_Source data_
= = =

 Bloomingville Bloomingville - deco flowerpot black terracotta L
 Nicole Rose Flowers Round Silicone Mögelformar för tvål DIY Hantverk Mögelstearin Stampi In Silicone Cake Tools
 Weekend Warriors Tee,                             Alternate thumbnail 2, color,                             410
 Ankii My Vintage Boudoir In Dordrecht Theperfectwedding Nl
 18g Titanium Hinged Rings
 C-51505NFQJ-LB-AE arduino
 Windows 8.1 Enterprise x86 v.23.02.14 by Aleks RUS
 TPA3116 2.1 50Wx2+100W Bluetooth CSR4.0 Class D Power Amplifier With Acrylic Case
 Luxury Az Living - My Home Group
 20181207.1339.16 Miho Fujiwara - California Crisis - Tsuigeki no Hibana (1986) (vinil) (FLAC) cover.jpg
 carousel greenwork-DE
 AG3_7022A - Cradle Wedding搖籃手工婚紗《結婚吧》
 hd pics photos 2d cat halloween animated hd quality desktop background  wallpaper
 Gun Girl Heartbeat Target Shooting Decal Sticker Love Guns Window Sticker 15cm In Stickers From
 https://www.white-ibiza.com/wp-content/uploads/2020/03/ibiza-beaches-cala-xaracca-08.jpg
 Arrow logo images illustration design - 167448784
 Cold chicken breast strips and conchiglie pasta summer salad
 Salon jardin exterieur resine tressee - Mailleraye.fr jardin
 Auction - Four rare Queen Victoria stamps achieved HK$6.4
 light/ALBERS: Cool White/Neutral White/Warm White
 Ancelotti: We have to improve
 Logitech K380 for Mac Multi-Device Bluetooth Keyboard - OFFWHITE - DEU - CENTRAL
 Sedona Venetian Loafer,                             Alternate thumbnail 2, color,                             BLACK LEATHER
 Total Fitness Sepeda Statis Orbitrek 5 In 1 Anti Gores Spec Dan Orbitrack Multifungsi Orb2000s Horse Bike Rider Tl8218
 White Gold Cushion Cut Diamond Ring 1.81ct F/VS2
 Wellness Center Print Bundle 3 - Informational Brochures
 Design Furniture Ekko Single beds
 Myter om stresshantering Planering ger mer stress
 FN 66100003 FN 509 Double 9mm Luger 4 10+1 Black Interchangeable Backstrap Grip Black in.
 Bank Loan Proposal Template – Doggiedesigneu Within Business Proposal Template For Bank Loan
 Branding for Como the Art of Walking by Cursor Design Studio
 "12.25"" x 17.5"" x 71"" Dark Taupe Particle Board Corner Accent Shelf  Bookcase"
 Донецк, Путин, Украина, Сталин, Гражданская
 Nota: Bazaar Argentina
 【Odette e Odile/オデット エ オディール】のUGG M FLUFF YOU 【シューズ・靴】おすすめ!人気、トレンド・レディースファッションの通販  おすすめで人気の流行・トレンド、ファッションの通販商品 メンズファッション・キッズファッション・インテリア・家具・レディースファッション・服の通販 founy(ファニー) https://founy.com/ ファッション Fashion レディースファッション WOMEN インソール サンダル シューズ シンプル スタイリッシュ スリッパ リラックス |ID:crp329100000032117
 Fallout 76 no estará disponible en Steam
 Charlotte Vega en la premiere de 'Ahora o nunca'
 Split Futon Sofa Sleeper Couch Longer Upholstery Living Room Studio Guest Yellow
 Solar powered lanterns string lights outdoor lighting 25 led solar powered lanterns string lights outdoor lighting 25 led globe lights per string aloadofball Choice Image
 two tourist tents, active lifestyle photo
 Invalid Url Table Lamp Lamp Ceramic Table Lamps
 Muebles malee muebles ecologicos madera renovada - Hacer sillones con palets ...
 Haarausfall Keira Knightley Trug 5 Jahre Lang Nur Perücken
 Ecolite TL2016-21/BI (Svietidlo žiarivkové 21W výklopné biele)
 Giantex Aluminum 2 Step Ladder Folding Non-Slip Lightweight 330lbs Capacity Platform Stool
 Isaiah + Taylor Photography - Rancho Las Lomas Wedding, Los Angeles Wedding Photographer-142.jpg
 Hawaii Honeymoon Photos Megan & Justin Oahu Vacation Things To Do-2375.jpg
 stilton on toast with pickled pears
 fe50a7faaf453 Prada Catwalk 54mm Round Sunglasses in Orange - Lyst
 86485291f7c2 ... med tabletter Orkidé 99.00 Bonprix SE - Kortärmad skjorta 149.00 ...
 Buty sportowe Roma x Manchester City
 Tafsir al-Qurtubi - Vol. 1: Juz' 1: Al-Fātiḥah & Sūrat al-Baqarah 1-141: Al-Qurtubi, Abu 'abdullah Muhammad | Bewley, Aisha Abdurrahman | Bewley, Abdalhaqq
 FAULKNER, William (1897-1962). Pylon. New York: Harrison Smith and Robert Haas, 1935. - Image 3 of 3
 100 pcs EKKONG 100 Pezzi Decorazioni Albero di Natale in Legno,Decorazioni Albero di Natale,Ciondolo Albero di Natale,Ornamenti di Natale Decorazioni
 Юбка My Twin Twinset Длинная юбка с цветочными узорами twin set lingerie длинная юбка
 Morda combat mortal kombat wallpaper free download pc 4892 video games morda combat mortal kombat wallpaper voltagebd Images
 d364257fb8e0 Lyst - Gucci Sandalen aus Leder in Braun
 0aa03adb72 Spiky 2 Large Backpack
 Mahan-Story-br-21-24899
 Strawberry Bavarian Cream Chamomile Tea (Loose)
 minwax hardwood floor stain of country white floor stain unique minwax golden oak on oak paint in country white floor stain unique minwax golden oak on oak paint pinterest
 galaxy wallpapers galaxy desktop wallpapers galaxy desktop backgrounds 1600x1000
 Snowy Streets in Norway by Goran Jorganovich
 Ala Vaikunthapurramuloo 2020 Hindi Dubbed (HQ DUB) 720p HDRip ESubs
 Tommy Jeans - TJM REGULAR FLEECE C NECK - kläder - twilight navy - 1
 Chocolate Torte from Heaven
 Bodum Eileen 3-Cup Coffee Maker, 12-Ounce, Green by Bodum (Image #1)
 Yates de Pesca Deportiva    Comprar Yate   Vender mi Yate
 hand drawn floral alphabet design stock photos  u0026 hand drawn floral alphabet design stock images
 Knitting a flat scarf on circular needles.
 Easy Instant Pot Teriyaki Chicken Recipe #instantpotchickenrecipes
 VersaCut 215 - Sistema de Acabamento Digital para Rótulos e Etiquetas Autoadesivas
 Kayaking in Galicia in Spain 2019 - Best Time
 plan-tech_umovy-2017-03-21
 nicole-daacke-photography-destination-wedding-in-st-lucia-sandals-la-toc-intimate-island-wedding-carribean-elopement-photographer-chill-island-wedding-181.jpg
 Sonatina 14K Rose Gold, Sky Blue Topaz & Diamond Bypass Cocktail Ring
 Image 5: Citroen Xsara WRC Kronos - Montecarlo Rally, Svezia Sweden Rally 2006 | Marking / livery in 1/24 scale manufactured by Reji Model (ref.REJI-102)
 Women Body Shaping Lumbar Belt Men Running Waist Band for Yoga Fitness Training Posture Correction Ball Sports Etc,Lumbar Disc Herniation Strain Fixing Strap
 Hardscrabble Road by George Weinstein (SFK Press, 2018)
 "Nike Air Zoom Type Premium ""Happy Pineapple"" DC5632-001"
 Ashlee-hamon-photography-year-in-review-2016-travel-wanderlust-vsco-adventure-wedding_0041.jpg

= = =

_Instructions to follow_
Copy out precisely the lines from the line with "20181207.1339.16 Miho Fujiwara" to the line with "two tourist tents, active lifestyle photo" in the material above, including those two lines and omitting all the rest.

_Response box_
 20181207.1339.16 Miho Fujiwara - California Crisis - Tsuigeki no Hibana (1986) (vinil) (FLAC) cover.jpg
 carousel greenwork-DE
 AG3_7022A - Cradle Wedding搖籃手工婚紗《結婚吧》
 hd pics photos 2d cat halloween animated hd quality desktop background  wallpaper
 Gun Girl Heartbeat Target Shooting Decal Sticker Love Guns Window Sticker 15cm In Stickers From
 https://www.white-ibiza.com/wp-content/uploads/2020/03/ibiza-beaches-cala-xaracca-08.jpg
 Arrow logo images illustration design - 167448784
 Cold chicken breast strips and conchiglie pasta summer salad
 Salon jardin exterieur resine tressee - Mailleraye.fr jardin
 Auction - Four rare Queen Victoria stamps achieved HK$6.4
 light/ALBERS: Cool White/Neutral White/Warm White
 Ancelotti: We have to improve
 Logitech K380 for Mac Multi-Device Bluetooth Keyboard - OFFWHITE - DEU - CENTRAL
 Sedona Venetian Loafer,                             Alternate thumbnail 2, color,                             BLACK LEATHER
 Total Fitness Sepeda Statis Orbitrek 5 In 1 Anti Gores Spec Dan Orbitrack Multifungsi Orb2000s Horse Bike Rider Tl8218
 White Gold Cushion Cut Diamond Ring 1.81ct F/VS2
 Wellness Center Print Bundle 3 - Informational Brochures
 Design Furniture Ekko Single beds
 Myter om stresshantering Planering ger mer stress
 FN 66100003 FN 509 Double 9mm Luger 4 10+1 Black Interchangeable Backstrap Grip Black in.
 Bank Loan Proposal Template – Doggiedesigneu Within Business Proposal Template For Bank Loan
 Branding for Como the Art of Walking by Cursor Design Studio
 "12.25"" x 17.5"" x 71"" Dark Taupe Particle Board Corner Accent Shelf  Bookcase"
 Донецк, Путин, Украина, Сталин, Гражданская
 Nota: Bazaar Argentina
 【Odette e Odile/オデット エ オディール】のUGG M FLUFF YOU 【シューズ・靴】おすすめ!人気、トレンド・レディースファッションの通販  おすすめで人気の流行・トレンド、ファッションの通販商品 メンズファッション・キッズファッション・インテリア・家具・レディースファッション・服の通販 founy(ファニー) https://founy.com/ ファッション Fashion レディースファッション WOMEN インソール サンダル シューズ シンプル スタイリッシュ スリッパ リラックス |ID:crp329100000032117
 Fallout 76 no estará disponible en Steam
 Charlotte Vega en la premiere de 'Ahora o nunca'
 Split Futon Sofa Sleeper Couch Longer Upholstery Living Room Studio Guest Yellow
 Solar powered lanterns string lights outdoor lighting 25 led solar powered lanterns string lights outdoor lighting 25 led globe lights per string aloadofball Choice Image
 two tourist tents, active lifestyle photo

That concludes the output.